One of the key variables impacting expansion of the donor pool is donor heart acceptance by transplant centers. A prior analysis of the Organ Procurement and Transplantation Network (OPTN) dataset examined all potential donor hearts from 1995 to 2010.5 Khush et al identified that of 82 053 potential donor hearts, only 34% were accepted and 48% were declined. The most common reasons for donor nonacceptance were older donor age, female sex, and medical comorbidities, which was concerning given that overall donor age and presence of comorbidities increased during the study period. In fact, if one examines trends in population statistics, US adults aged 45‐64 made up 26.4% of the population (81.5 million persons) and comprised the fastest growing portion of the population between 2000 and 2010, with a growth rate of 31.5%.6 Moreover, the number of adults with hypertension, prediabetes/diabetes, and obesity is 46%, 37.6%, and 39.6%, respectively, all cardiovascular risk factors that are associated with the presence of left ventricular hypertrophy.7 Even more important is that donor heart acceptance practices contribute to variability in the probability of waitlist mortality.8 With these statistics in mind, it is critical to examine whether additional information can be used to identify donors who might otherwise be suitable despite the presence of older age and other comorbid conditions.
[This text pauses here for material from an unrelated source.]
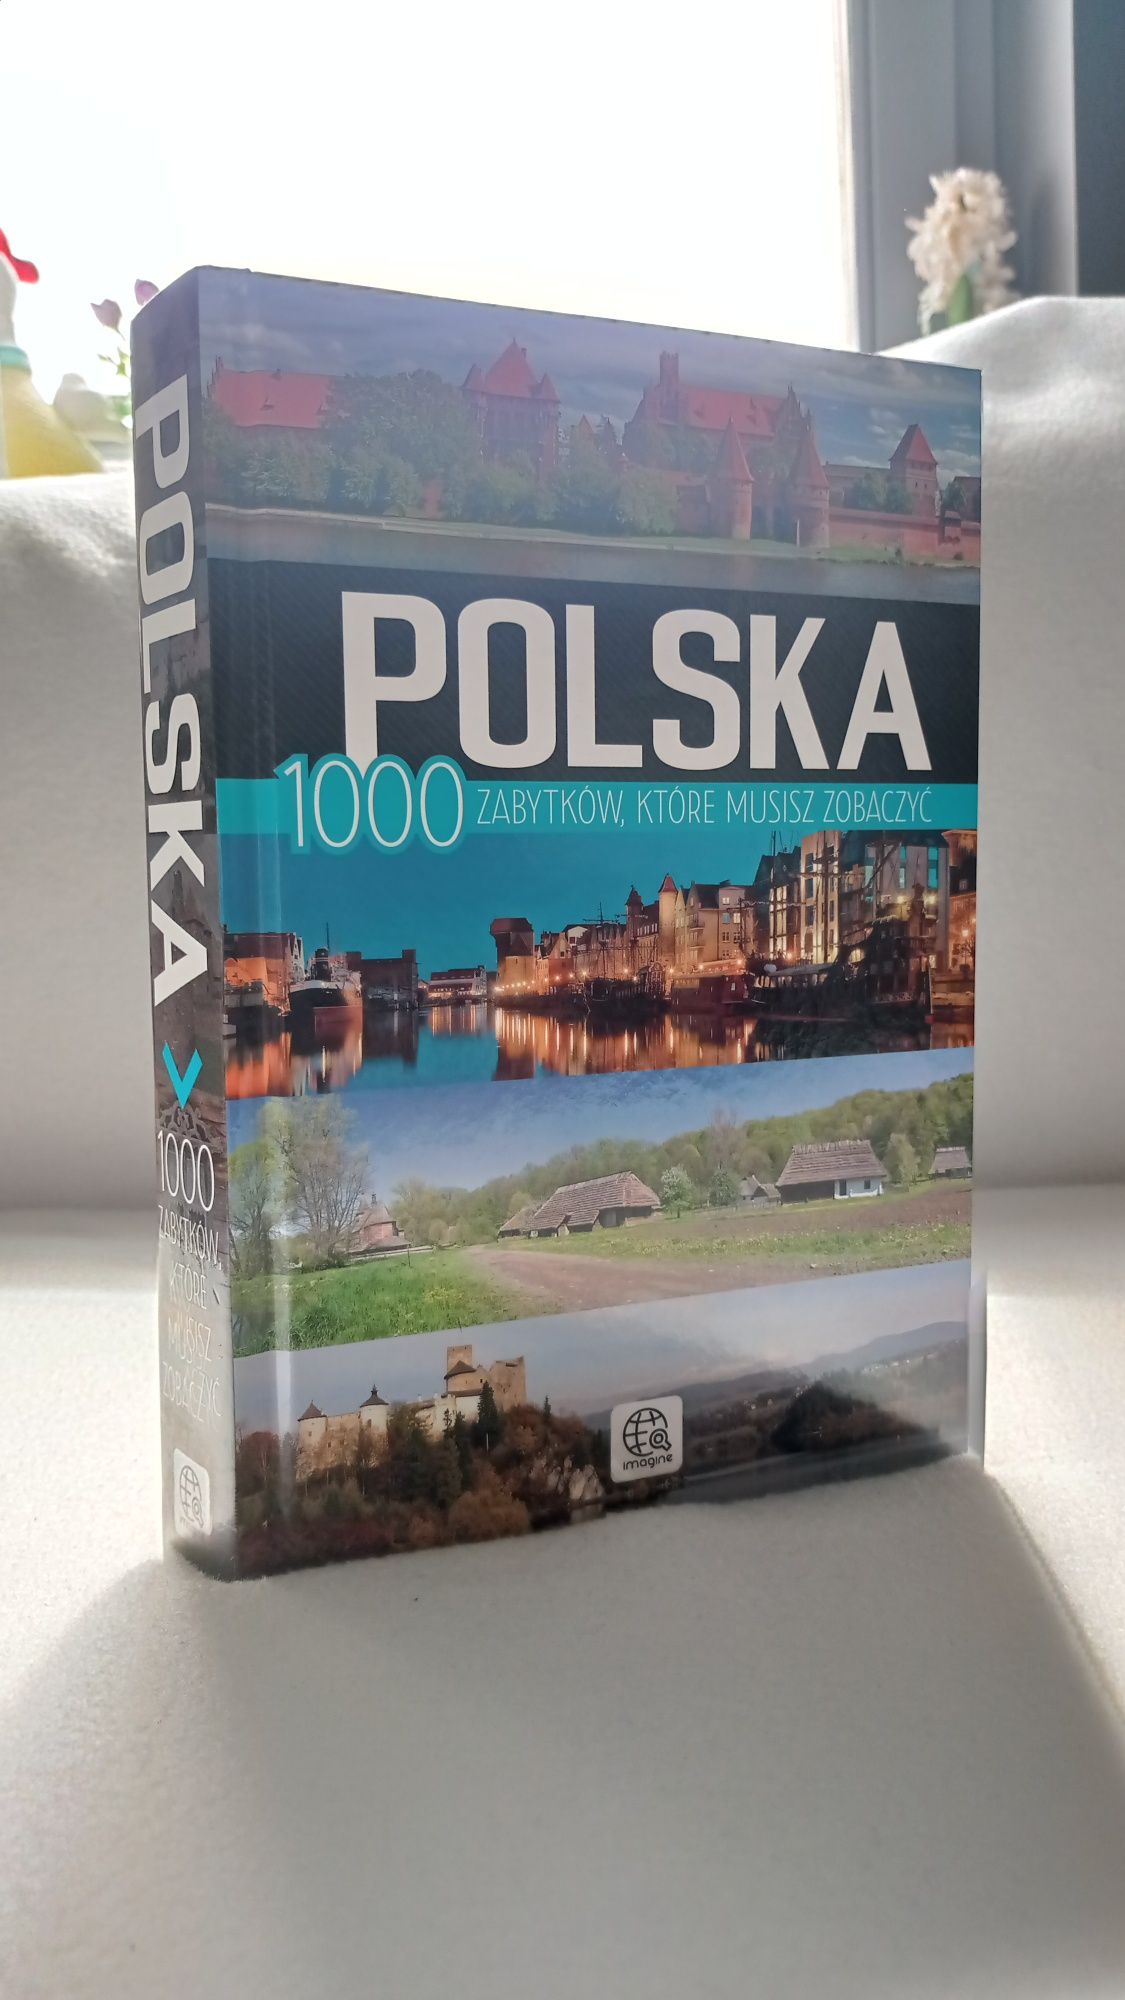 Polska, 1000 zabytków które musisz zobaczyć, historyczna książka

In this issue of the American Journal of Transplantation, Khush et al again used OPTN data to identify donor, candidate, and transplant center characteristics that influence variability in donor heart acceptance across US transplant centers.9 They examined 28 088 potential heart donors and 693 420 donor heart offers made in the United States between April 2007 and December 2015. Of these potential donors, 67% were turned down by transplant centers due to concerns about donor heart quality. There are 3 key findings that highlight the significance of this analysis: (1) characteristics that predict organ acceptance: the donor characteristics that were most predictive of organ acceptance were donor age, left ventricular ejection fraction, and height. Donor cause of death and history of hypertension were also important predictors of organ acceptance, but to a lesser degree; (2) characteristics that predict organ sequence number: Transplant center volume was the primary determinant of organ sequence number, with high‐volume transplant centers being more likely than low‐volume centers to accept organs with a higher sequence number. The median sequence number of hearts accepted for transplantation was 3 (interquartile range 1‐10), with significant variability according to transplant center size. In addition to center volume, the donor characteristics that were predictive of number of offers prior to offer acceptance were ischemic time and donor age and cause of death. When examining variation across transplant centers, the variables that explained most of the variation for organ acceptance and sequence number between centers were donor age, height, race, and cause of death; (3) characteristics that predict 30‐day and 1‐year mortality and retransplantation: most of the characteristics that predict 30‐day and 1‐year mortality were recipient characteristics (race, diabetes, hypertension, and cigarette use). Donor characteristics included ischemic time, cocaine use, and hypertension, and transplant center volume was also a predictor of 30‐day and 1‐year mortality. Of all of these factors, ischemic time was the variable most predictive of 30‐day and 1‐year mortality.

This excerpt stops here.